Archive | July, 2014

The Myth of: “I Totally Do That Already”

26 Jul

expertWhen I was just a few years into teaching, I had the opportunity to spend a week at Columbia Teachers’ College, learning from the gurus who invented reading and writing workshop.  As I listened to Lucy Calkins, the director of the program, share her thoughts on teaching and model exemplar lessons, I thought to myself, “I totally do all of that already.”

I felt satisfied, and maybe a tad smug.  This really wasn’t that difficult–just focus and work hard, and you could have it down cold.

Five years later, my new thought is, Will I ever be an expert at this?  That week in New York feels like a lifetime ago, and I can only look back with a shake of my head.  How wonderful to feel so confident, with so little actual knowledge.
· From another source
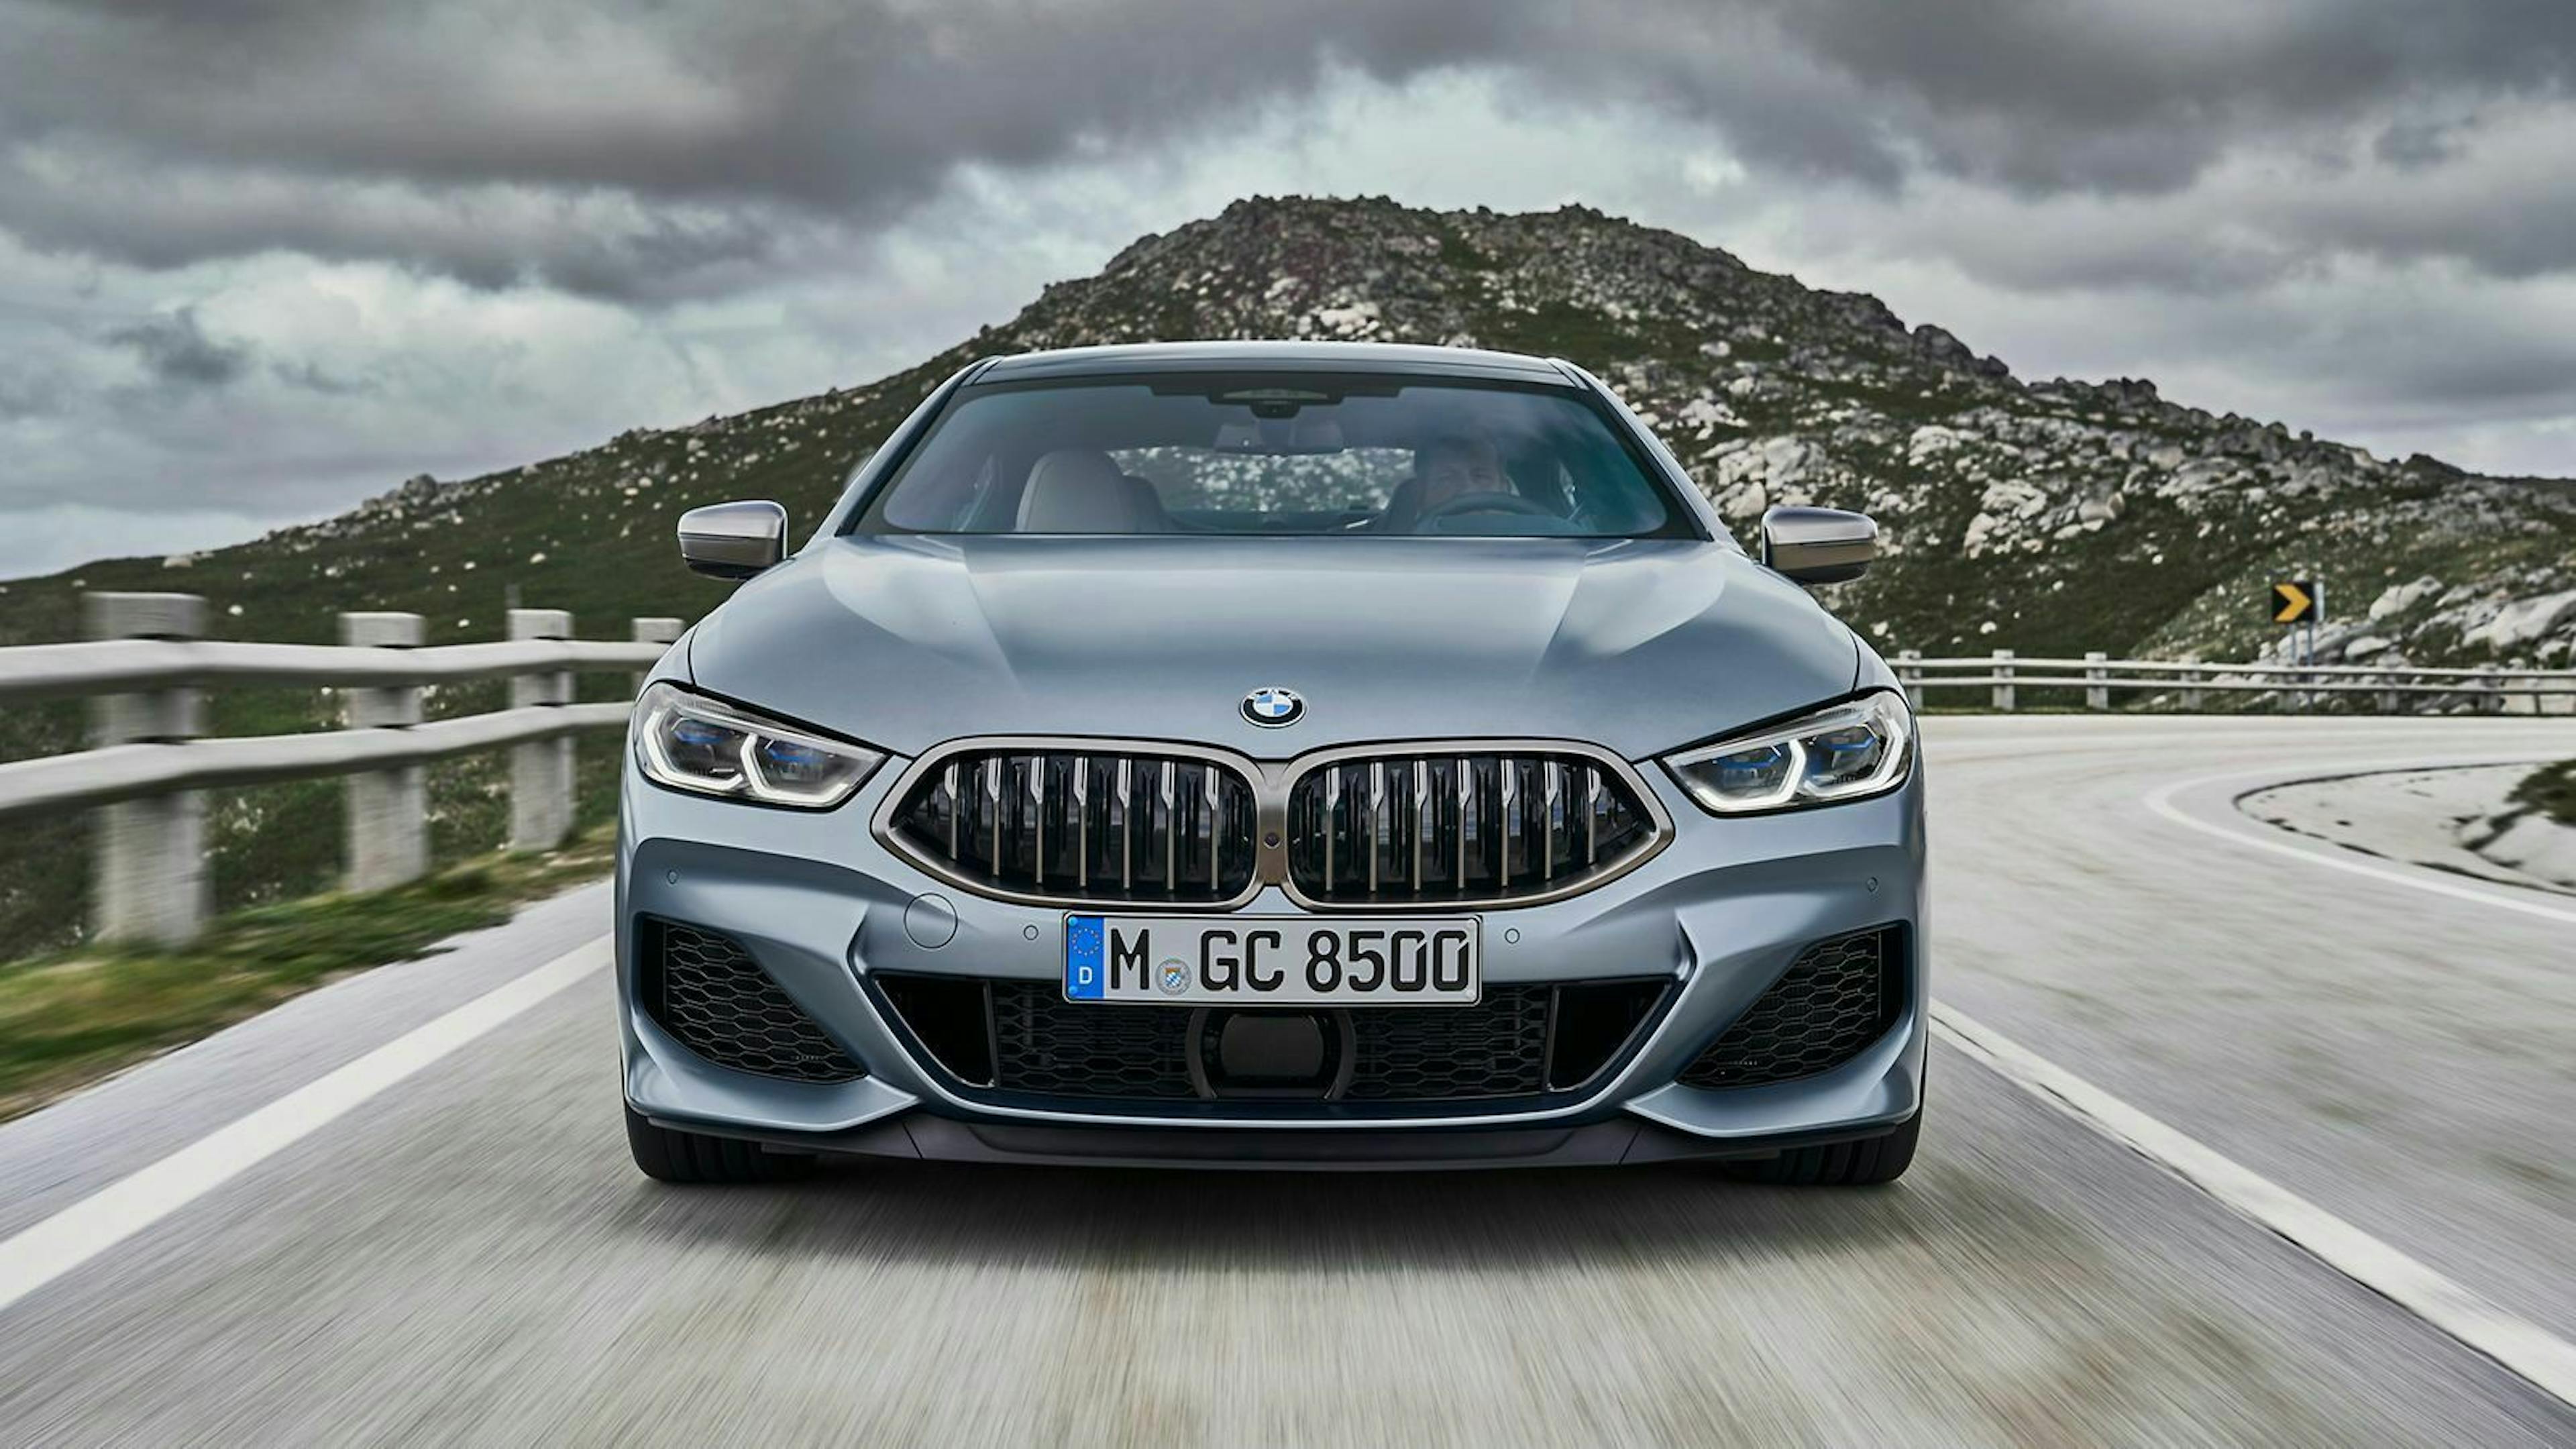 Spitze Nieren und schmale Scheinwerfer: Der BMW 8er Gran Coupé sieht sportlich aus

The myth of expertise can you hit you anywhere in life.  I felt it as a student teacher, watching my mentor teacher lead the class.  I totally already do that.  I believed it before I led my first training.  No problem I can definitely do that.  And I even felt it, in a different way, before I had my daughter.  I know how to do all that already.

In each of those situations, it wasn’t until I gained a little more knowledge–enough to know what I didn’t know–that I began to realize I wasn’t quite the expert I thought.

My experience isn’t atypical–it’s often the least experienced who feel the most confident.  Why do we tend to overestimate our expertise when we’re new?

1.  You only see the outcome, not the possibilities.

Let’s take the example of calling on a student to answer a question.  Seems fairly straightforward.  But there are a lot of other choices that can create a different outcome.  A teacher could call on a student who doesn’t know the answer, and then have to make a decision about what to do when the child is stuck.  A teacher could have all of the students share their thinking with a partner, and then share the answer herself.  A teacher could pose the question and have students record a response, and then look over their thinking later.

None of these choices are wrong, but they all have a slightly different purpose.  An expert understands the different decisions that could be made at the “share out an answer” point, and the ramifications.  A novice might think, “pose questions, call on a student to respond,” with no thought to the other choices that could be employed, or the reason for each.

2. It’s hard to know what’s the cake and what’s just decoration.

When you’re inexperienced, it can be hard to learn from experts because you don’t know what to focus on, what to learn.  The year I spent observing my mentor teachers is a hazy blur.  I’m not sure what I was observing–from my notes, it seemed to be mostly anthropological details like where students’ eyes were tracking at specific moments–but it’s pretty devoid of anything that would lead to meaningful practice on my part.  When I started teaching, after a few months of struggling with the basics, I would have given anything to go back and watch them again.  Now, I thought, I know what to look for.  

3.  You don’t understand that what’s not happening can be just as important as what is occurring.  

The absence of problematic behaviors is just as important as the presence of positive ones.  We often focus on this in students–the ubiquitous “caught you being good!” We know the myriad of possibilities for negative behaviors, so we can notice the absence of them, and the presence of quieter actions like starting quickly and time on task.

The more expert you become in a subject, the more you can notice the absence of problems.  When I watched a master lesson as a new teacher, I didn’t know why things were going smoothly.  I failed to notice that the teacher didn’t instruct for more than ten minutes at a time.  Or that the teacher didn’t jump from teaching point to teaching point.  Or that the teacher didn’t pick a model that wasn’t accessible to the kids.

I totally already do that.

It’s a wonderful thought, really, and it’s not all bad.  It gives you confidence and makes you feel a little less overwhelmed, which lets you take on tasks that might otherwise seem too daunting.  But the blanket statement can also close you off to areas of growth.  If you already do that, totally, there’s nowhere to go, nothing to learn.  So I’ll try to change my thought to, I totally do some of that, or I can totally learn to do that, because in the end, becoming an expert is way more motivating and fun than just being an expert already.